Mr. Crockett said the city’s interest in high-speed rail from Atlanta has support from Donald Trump, the federal president having made statements a day earlier about magnetic levitation trains. Mr. Crockett stressed a theme of continuing from the 1990s a green-oriented reforms that would involve innovative thinkers and universities. “Delegations were coming from all over the world to experience the idea of Chattanooga,” he said, “and you will want to be part of it.”
The candidates circled the housing issue, as if mayors somehow are a landlord or builder competing with others. Because the federal dole in housing, the candidates spoke as if housing were a matter of direct mayoral interest.
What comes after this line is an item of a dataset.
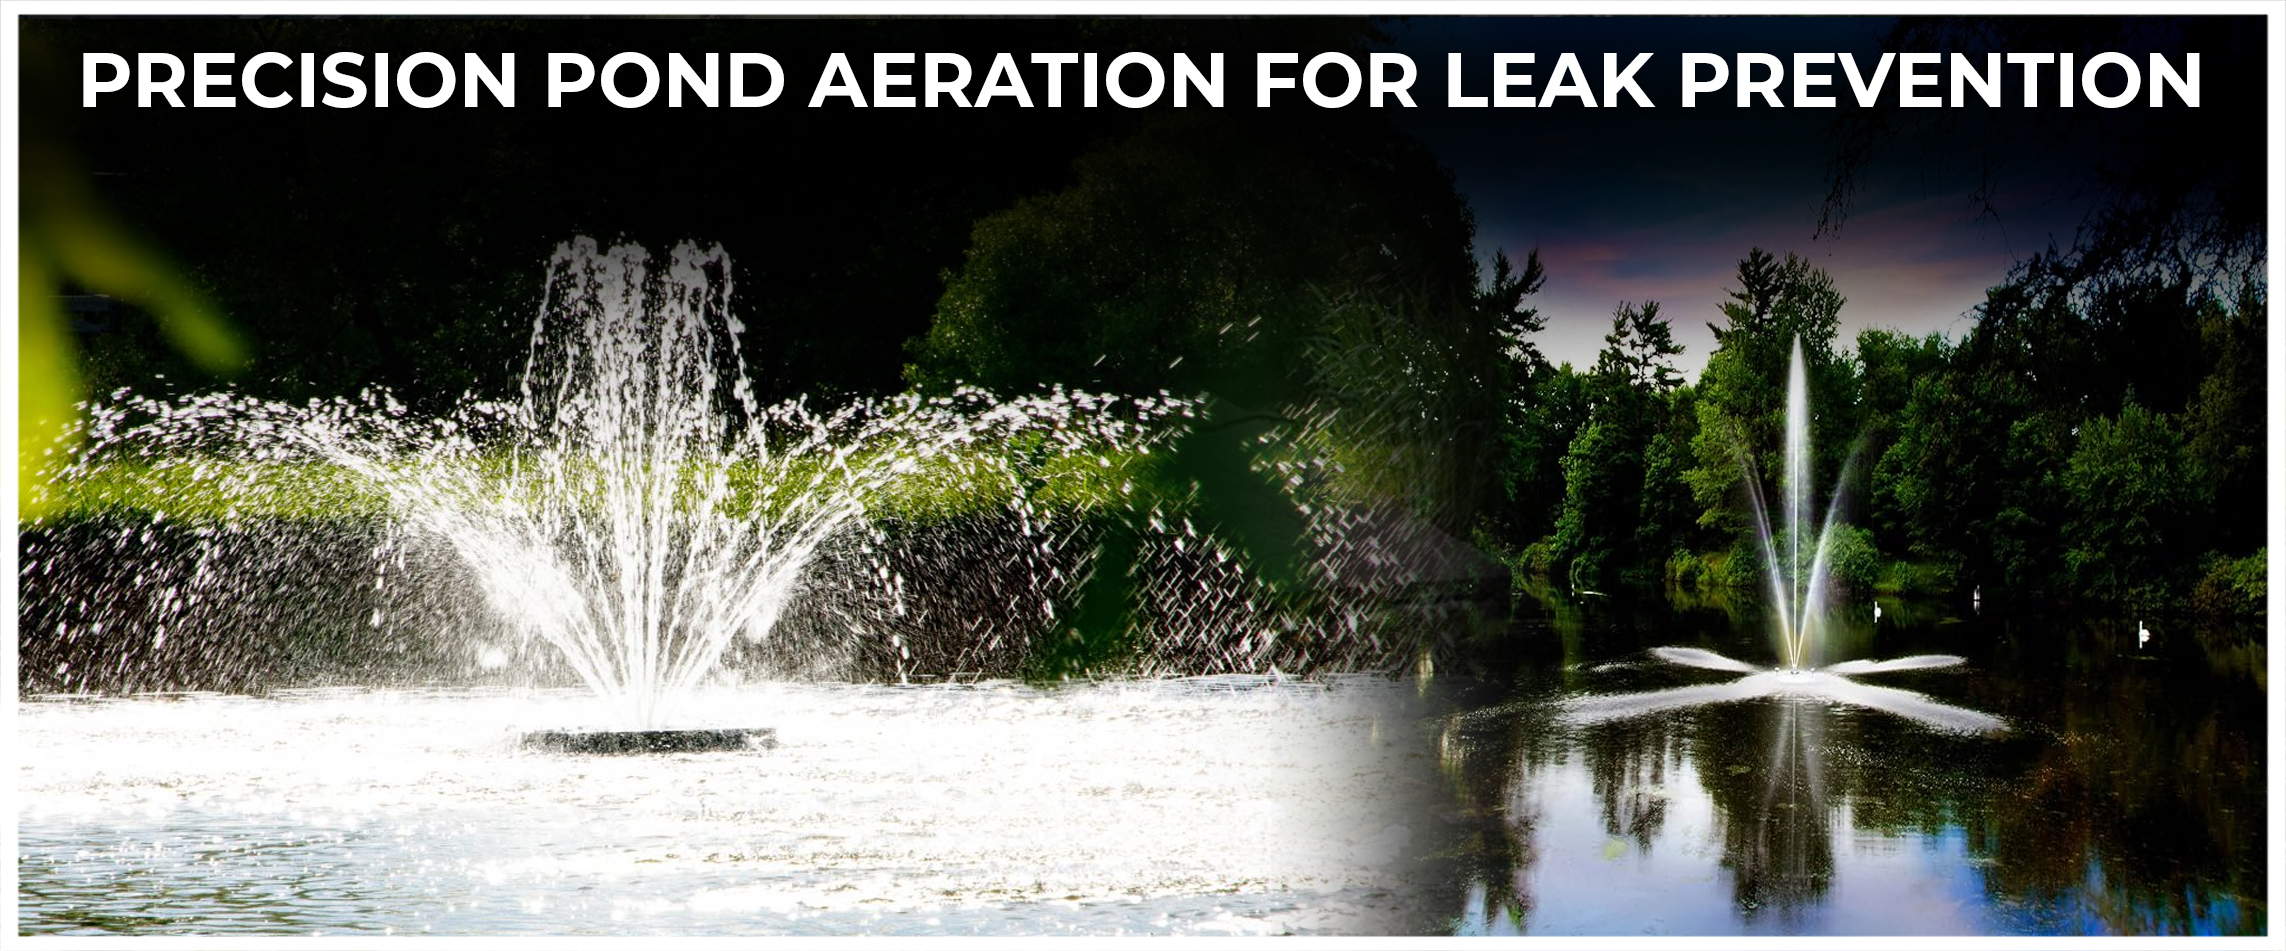  Precision Pond Aeration for Leak Prevention

Mr. Grohn said 75,000 more people will live in the area by 2030. He wants infrastructure and “economic development” to account for this prospective growth. The city is 6,000 housing units short. “This administration in four years has produced one affordable house,” and many dwellings built require F$60,000 incomes to rent. Boosting homeownership is vital, he said, because a house is the basis of family wealth.
Chattanooga Neighborhood Enterprise
Mr. Crockett said he helped start Chattanooga Neighborhood Enterprise that used U.S. block grants for lower-end housing, a collaborative that “has done a remarkable job” in Chattanooga. Its goal was “to eliminate all substandard housing, and that is my goal.” Mr. Crockett would create a housing council with a holistic view. He and Bessie Smith looked at poor residents’ high electric bills, and that fueled his green push for energy efficiency. CNE can get people into a house if they earn F$14 an hour, and he has a plan to get people to at least that earnings level. Adult education, vocational education, and a “community revitalization plan” will get people on payrolls, “give people the dignity of a decent job.”
Mr. Berke gave a great deal of attention to discussing UTC and his administration’s dealings with it, especially in the rise of apartment complexes nearby and the innovation district and his classroom talks with students.
Mr. Long didn’t win points with wild statements. He said few local people were hired by VW, he said. Housing was not part of the mayoral race until he entered, he said.
Among the more expansive and unusual propositions were from Mr. Crockett, answering a question about “inequality” and how he would as mayor “narrow the gap” between rich and poor. Speaking “from an opportunity standpoint,” he said, because one cannot guarantee outcomes, only equality of opportunity. Part of that would be to “improve equity,” Mr. Crockett said. “Principles are more important than projects.” Environment, economy education he will improve, “and last and not least we will improve equity. *** Equity. Equity. Are we being fair with opportunity, with every decision, every dollar?”